2. A method according to claim 1 , wherein the method is carried out on new symbols to determine whether the new symbols fit a pattern of symbols that is known or constitute a new pattern.
3. A method according to claim 1 , wherein the method is initially carried out on training examples of symbols.
4. A method according to claim 1 , wherein it is determined to be sufficient to take only a single said path that successfully terminates.
5. A method according to claim 1 , wherein:
the specification is codified by defining a first order logic that describes the specification; and,
the symbols are analysed using the first order logic to obtain patterns of the symbols by:
determining the path that is taken by each symbol through the first order logic that successfully terminates, and
grouping the symbols according to said paths.
6. A method according to claim 5 , wherein the first order logic has clauses at least some of which are parameterised.
7. A method according to claim 6 , wherein at least some of the clauses have a head that is parameterised, the determining step in the analysing step being carried out by determining a path of clauses having a parameterised head through the first order logic that is taken by each symbol that successfully terminates.
8. A method according to claim 5 , wherein the first order logic is a stochastic logic program having at least some clauses that are instrumented, the determining step in the analysing step being carried out by determining a path of said instrumented clauses through the first order logic that is taken by each symbol that successfully terminates.
9. A method according to claim 1 , wherein:
the specification is codified into a Java program; and,
the symbols are analysed using the Java program to obtain patterns of the symbols by:
determining the execution path that is taken by each symbol through the Java program that successfully terminates, and
grouping the symbols according to said execution paths.
10. A method according to claim 1 , wherein the symbols are messages of a computer language, said specification being the computer language, and wherein the codifying the specification into a set of computer-readable rules comprises defining computer-readable rules that describe the grammar of the computer language.
11. A method according to claim 1 , wherein the symbols are data.
12. A method according to claim 1 , comprising generalising the symbols by generalising to the paths.
13. A computer program for analysing symbols in a computer system, the symbols conforming to a specification for the symbols, the computer program comprising program instructions for causing a computer to carry out a method of:
codifying the specification into a set of computer-readable rules; and,
analysing the symbols using the computer-readable rules to obtains patterns of the symbols by:
determining the path that is taken by the symbols through the rules that successfully terminates, and
grouping the symbols according to said paths.
14. A computer program according to claim 13 , wherein the computer program is arranged so that the method is carried out on new symbols to determine whether the new symbols fit a pattern of symbols that is known or constitute a new pattern.

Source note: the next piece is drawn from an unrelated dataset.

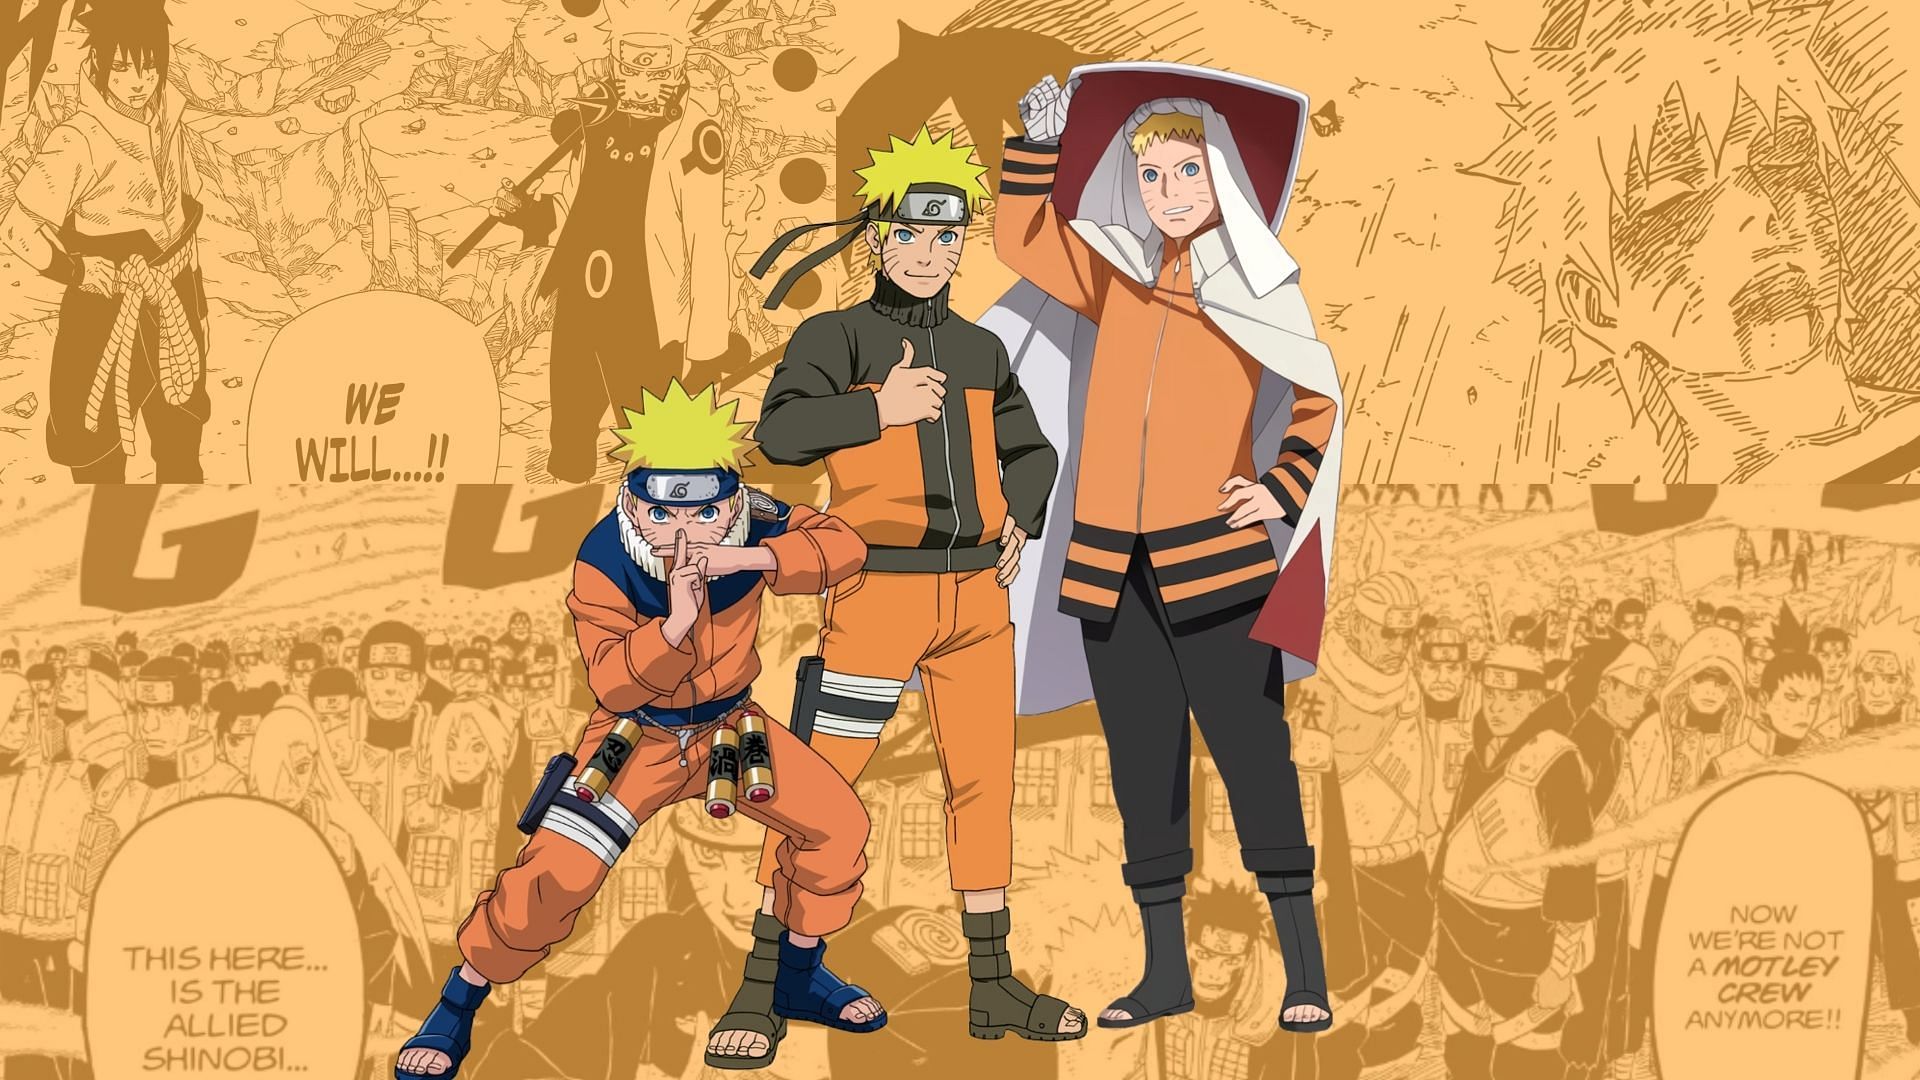 Naruto Iconic Anime Scenes ReAnimated For the 20th Anniversary

15. A computer program according to claim 13 , wherein the computer program is arranged so that the method is initially carried out on training examples of symbols.
16. A computer program according to claim 13 , wherein the computer program is arranged so that it is determined to be sufficient to take only a single said path that successfully terminates.
17. A computer program according to claim 13 , wherein the computer program is arranged so that:
the specification is codified by defining a first order logic that describes the specification; and,
the symbols are analysed using the first order logic to obtain patterns of the symbols by:
determining the path that is taken by each symbol through the first order logic that successfully terminates, and
grouping the symbols according to said paths.
18. A computer program according to claim 17 , wherein the computer program is arranged so that the first order logic has clauses at least some of which are parameterised.
19. A computer program according to claim 18 , wherein the computer program is arranged so that at least some of the clauses have a head that is parameterised, the determining step in the analysing step being carried out by determining a path of clauses having a parameterised head through the first order logic that is taken by each symbol that successfully terminates.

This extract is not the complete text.